大切な打ち明け話のように語ると、おばあさんがふと、空を見上げる。

「もし、うろこ見つけたらどうします?」

夏生の質問に、「そうねえ」と前掛けの前で腕を組んでちょっと考えるような顔になる。

「もうちょっと若くなって東京に出て行きたいかもしれないねえ……」とまたアハハと口を開けて笑う。

「まあお兄ちゃんもうろこ拾って。素敵なお嫁さん下さいってお願いすると良いよ」

「いえ。まあ……」

「さっきから何話し込んでんの?何?東京から来たの?」

二人の会話を遠巻きに見ていた人々がわらわらと来る。皆元気そうだが、もう七十歳は軽く超えているだろう。絵に描いたような過疎の村、高齢者の村だ。

「せっかくだから、お兄さんもやってみな」

頭に毛のないおじいさんが、夏生も山崩しに参加するように勧めてくる。

「あたしも今、飛び込んだら?願い事が叶うよって言ってたんだよね」

おばあさんが言うと、「ただ飛び込めばいいから」とか「願い事なんでも良いからな」と、口々に夏生をけしかける。仕方がない。服が藁まみれになるのは嫌だけど、この雰囲気を壊す度胸はない。

「持っててあげるよ」

というおばあさんの好意に甘えて、「すみません」と飲みかけのジュースと眼鏡を渡すと、リュックを地面に下ろした。

「じゃあ」と、藁山に向かってバタバタと助走をつける。
走るのは久しぶりだった。足を動かすのってこんなに難しかったか?脳が出す指示と、足の動きが完全にずれてる。そんな夏生の走る姿が気に入ったらしい。子どもたちが笑い声をあげる。
「おっさーん」「遅えー」という声援だかヤジだかを背に受けて、走る。走って走って、目をしっかりつむって藁山に飛び込んだ。ぼふっと顔に藁が当たってちくちくする。干したての布団の臭いがする。

「お嫁さんお願いしたがいい」

おばあさんの声が聞こえる。どうして独身だと決めつけるのだろう?独身だけど。このままずっと独りで残りの人生を生きていくんだろうか?ふと不安にもなる。

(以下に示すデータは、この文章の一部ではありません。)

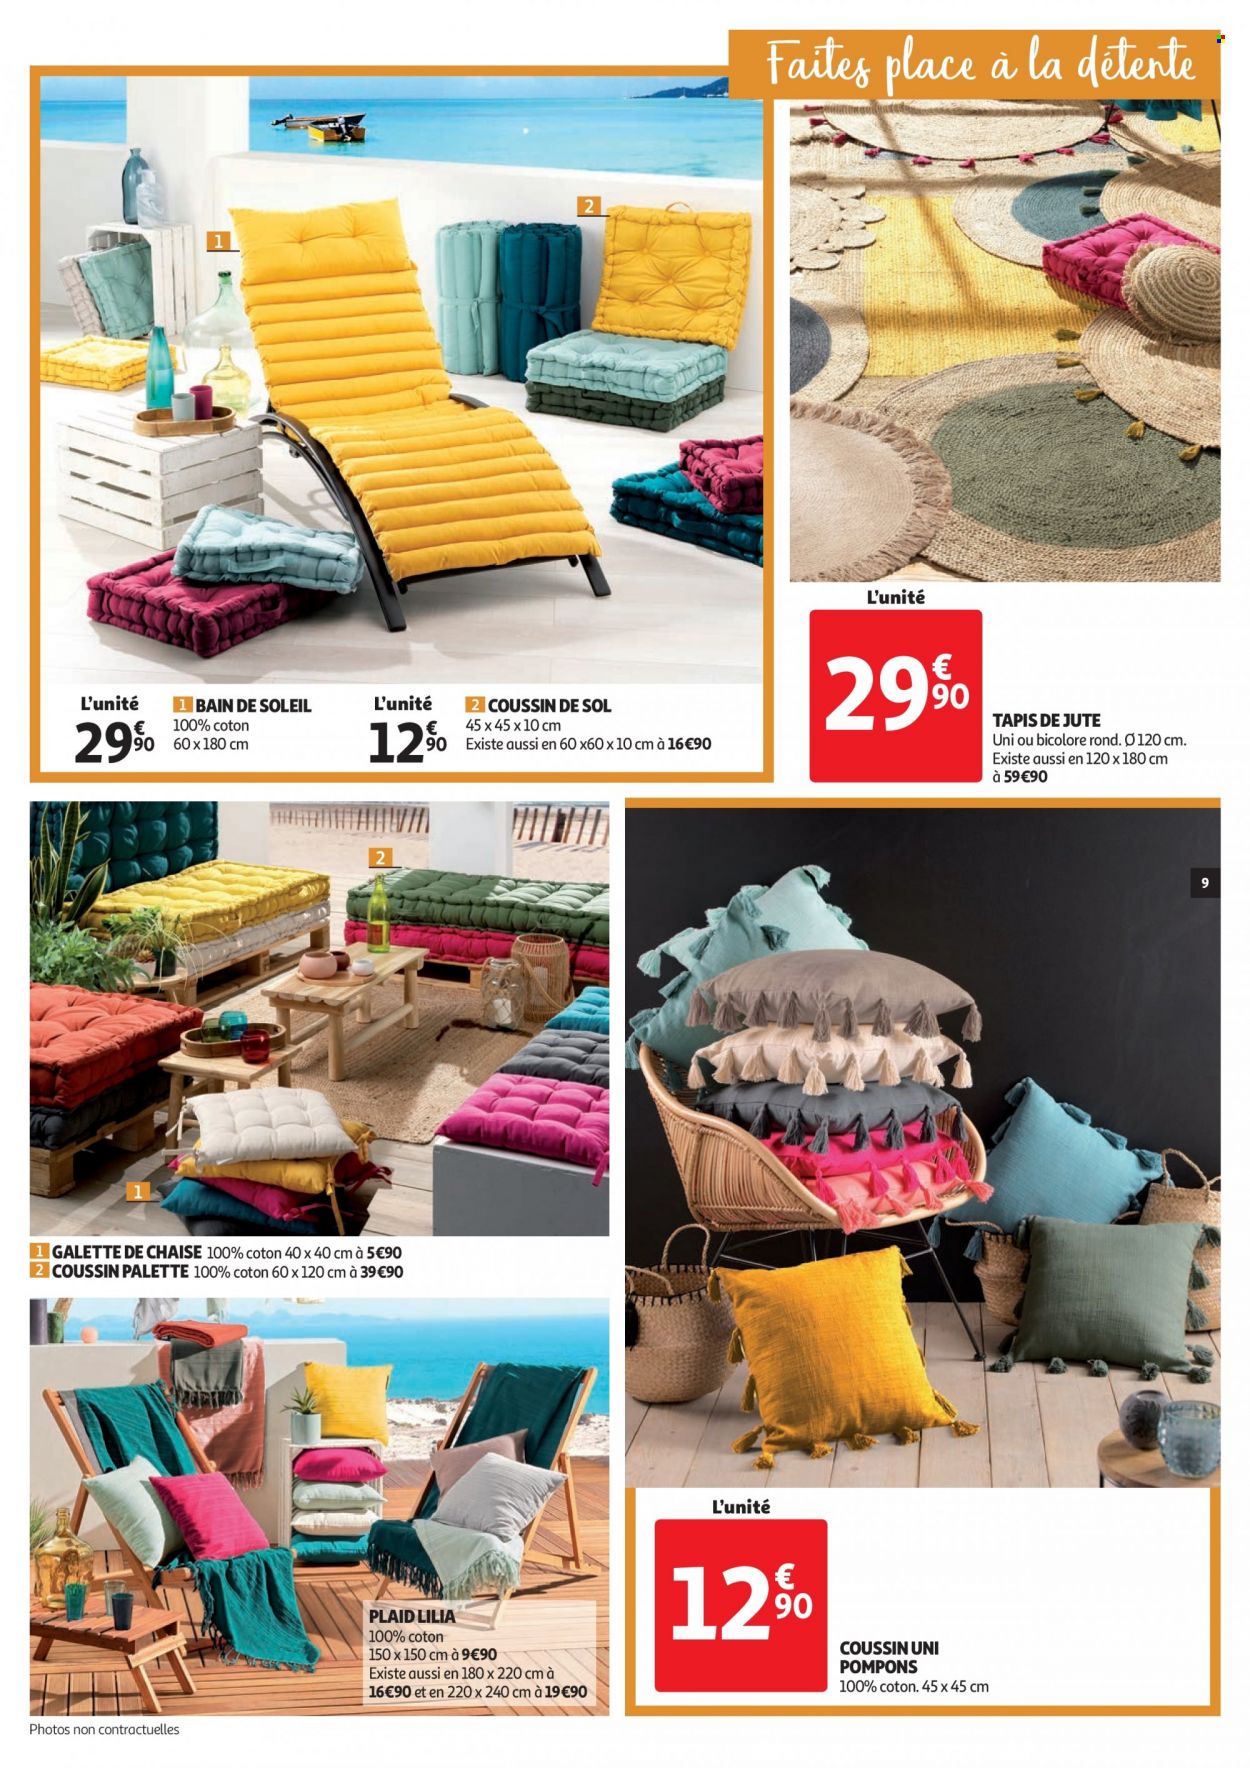 thumbnail - Catalogue Auchan - 06/07/2022 - 12/07/2022 - Produits soldés - galettes, Palette, galette de chaise, coussin, plaid, tapis, bain de soleil. Page 9.

「お嫁さん……じゃなくても良いけど、もし許されるのなら、ずっとそばにいて味方になってくれる人。一緒に助け合って生きていけたら……」

藁の中で小さな声で口に出してみる。お祭りだし、願いたいことに遠慮する必要はなかろうと思いつつ、恥ずかしくなった。それにしても、藁に埋もれるのって想像以上に気持ちが良い。

「ん?」

左手の指先がくすぐったい。
ひんやりとなめらかな感触。

「ぎゃあ!」

藁から手を出して思わず悲鳴をあげる夏生のもとに、「どうした?」と人々が駆け寄ってきた。小さな真っ白な蛇が左手の手首に巻き付いて薬指をなめている。

「こりゃあ白蛇さんだね」

おじいさんが蛇の頭をきゅっと掴むと、木立の方に投げた。
「ほらお神酒。お神酒飲んで」と、口々に囃し立てられる。
紙コップが渡され、お酒が注がれる。
流れに逆らえず、とにかく注がれた酒をぐっと飲み干すとどっと拍手は起こった。

「うろこはあったのかい?」

おばあさんが一升瓶を手に「ほら空けて空けて」とコップにさらに酒を注いでくれる。

「うろこなんてなかったです。今の蛇、毒蛇とかじゃないですか?」

「うーん。マムシじゃないなあ」

「うろこなんてあるわけないよ。昔話だもの。それより酒はどうだ?」と口々に言いながら酒を注いでくる。

「どう?美味いだろ?」

「美味いです」

「だろ?実はこの酒には秘密があってな」

おじいさんがいたずらっぽく笑う。

「秘密ですか?」

「龍のうろこを酒樽に入れたんだ。美味しい酒ができますようにって」

「龍のうろこ?本当に?」

たった今、「昔話だからうろこなんてあるわけない」って言ったばかりでは?

「そうよ。樽の底にあるって話だ」とむしろ得意げだ。羽織った法被の襟には「龍神酒造」の文字が染め抜かれている。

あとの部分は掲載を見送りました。